In the institution where I work, so far we have managed to live without
mandatory wallclock limits (a policy decided well before I joined the
organization), and that has been possible because the cluster was not very
much utilized.

Now that is changing, with more jobs being submitted and those being larger
ones. As such I would like to introduce wallclock limits to allow slurm to
be more efficient in scheduling jobs, including with backfill.

My concern is that this user base is not used to it and therefore I want to
make it easier for them, and avoid common complaints. I anticipate one of
them would be "my job was cancelled even though there were enough nodes
idle and no other job in line after mine" (since the cluster utilization is
increasing, but not yet always full like it has been at most other places I
know).

So my question is: is it possible to implement "soft" wallclock limits in
slurm, namely ones which would not be enforced unless necessary to run more
jobs?
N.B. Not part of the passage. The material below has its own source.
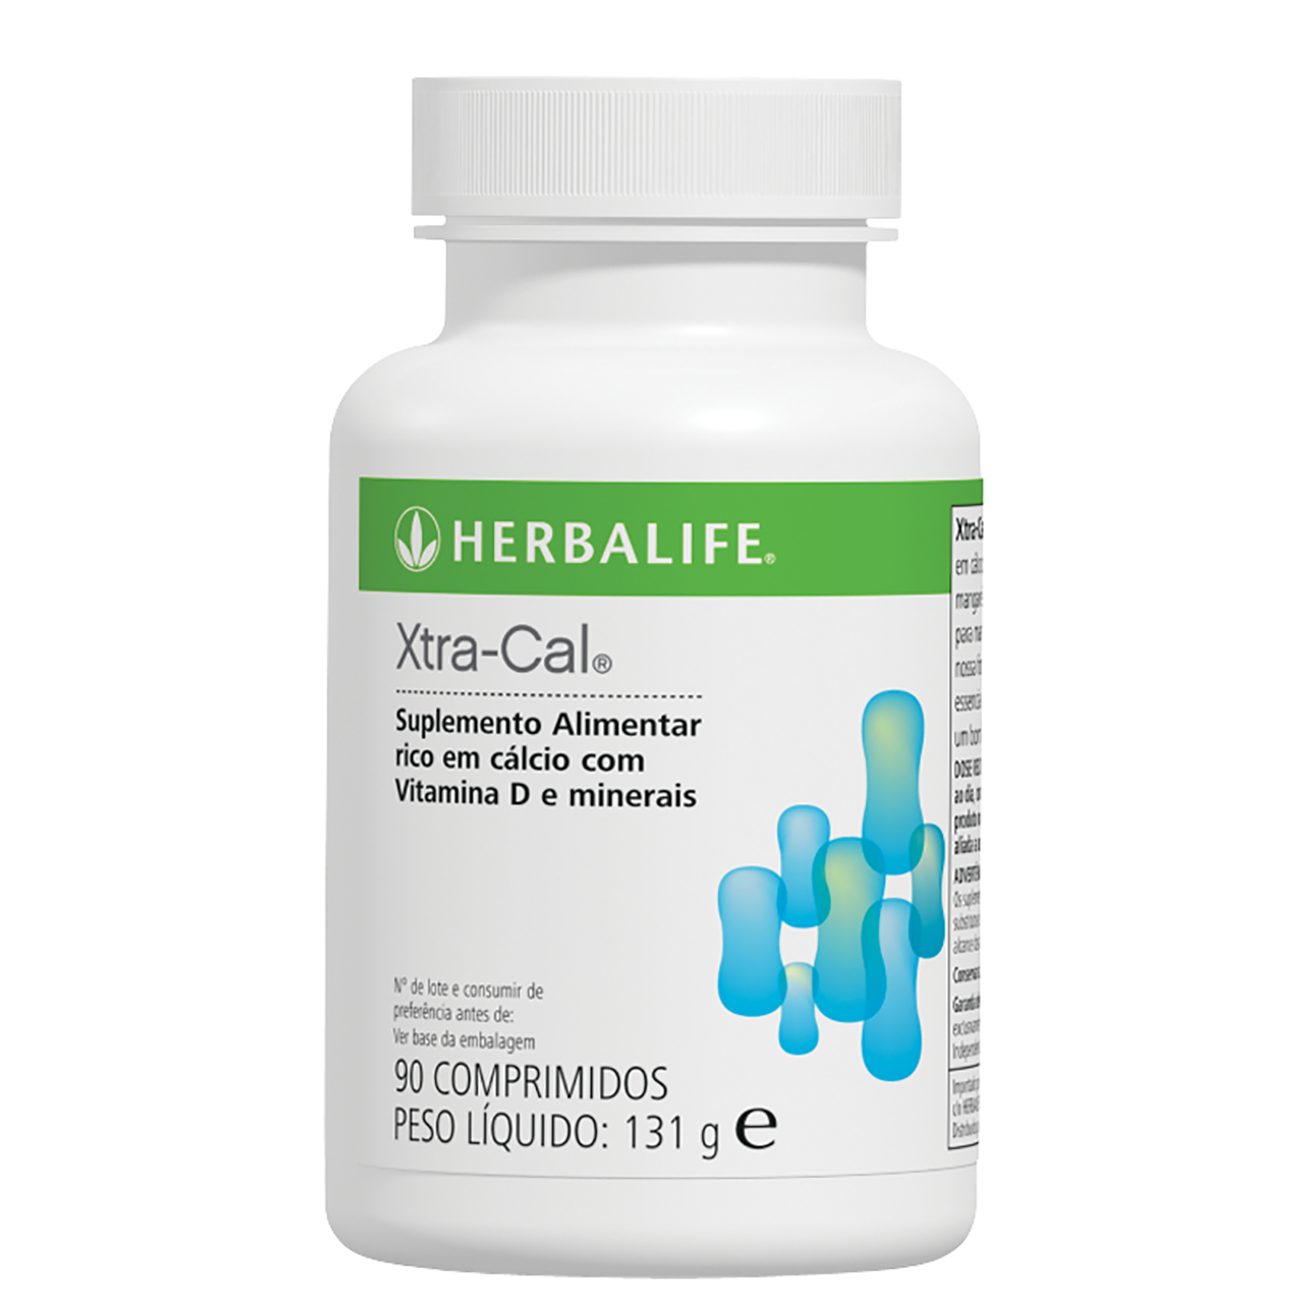 Xtra-Cal Suplemento de cálcio e vitamina D product shot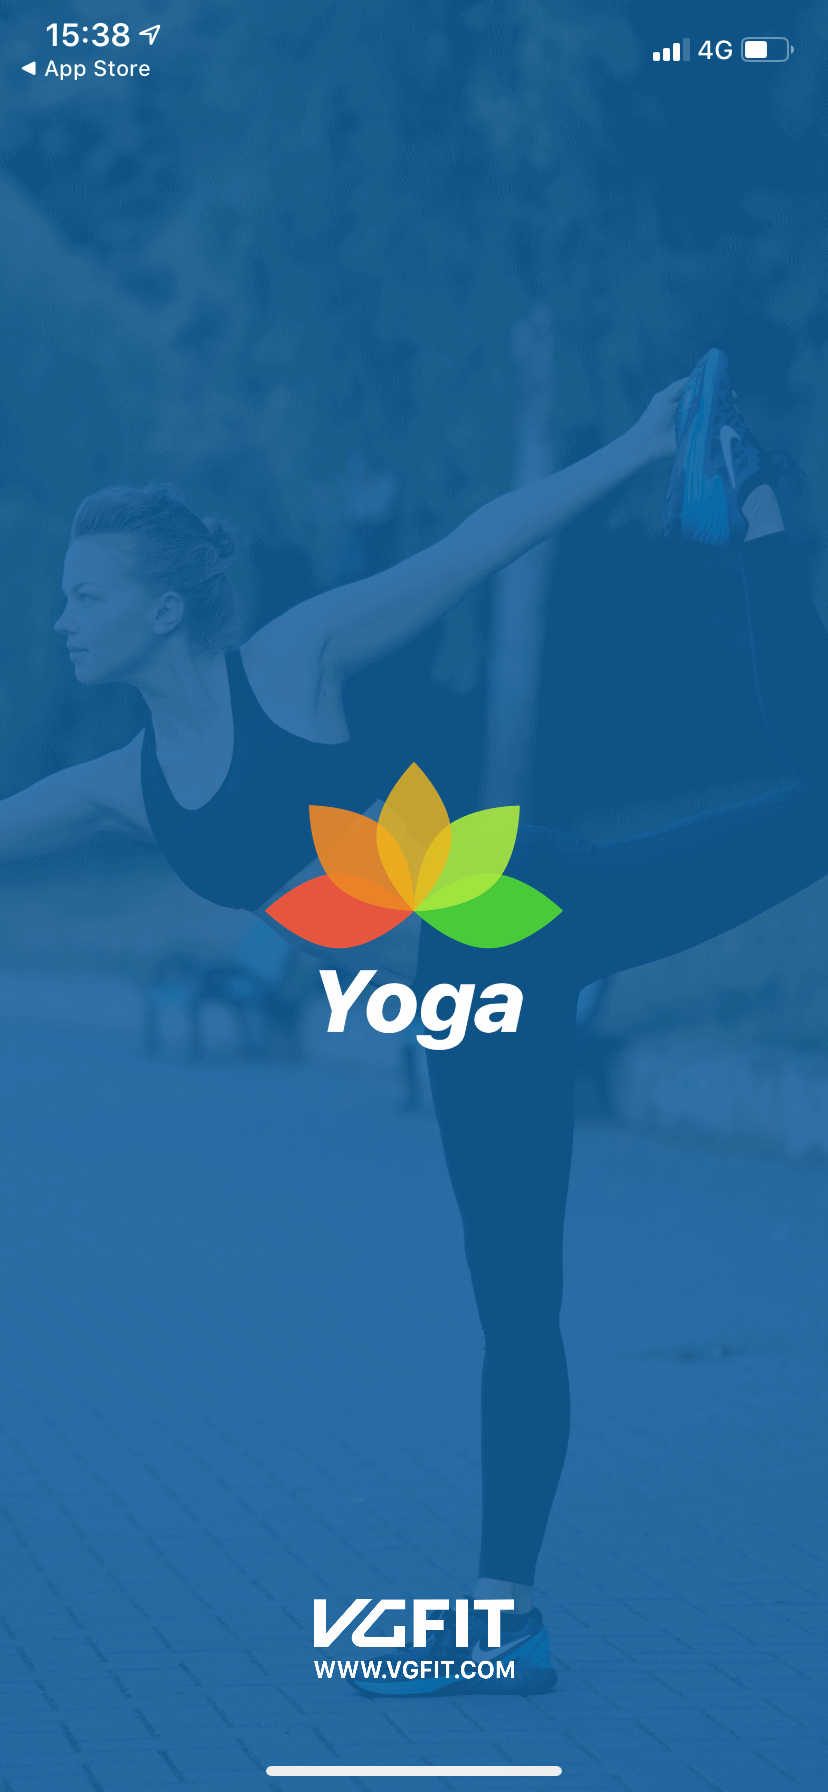 The Kids Yoga App - Go Go Yoga For Kids

In other words, is it possible to change the pre-emptability of a job
only after some time has passed? I can think of some ways to hack this
functionality myself with some cron or at jobs, and that might be easy
enough to do, but I am not sure I can make it robust enough to cover all
situations, so I'm looking for something either slurm-native or (if
external solution) field-tested by someone else already, so that at least
the worst kinks have been already ironed out.

Thanks in advance for any suggestions you may provide!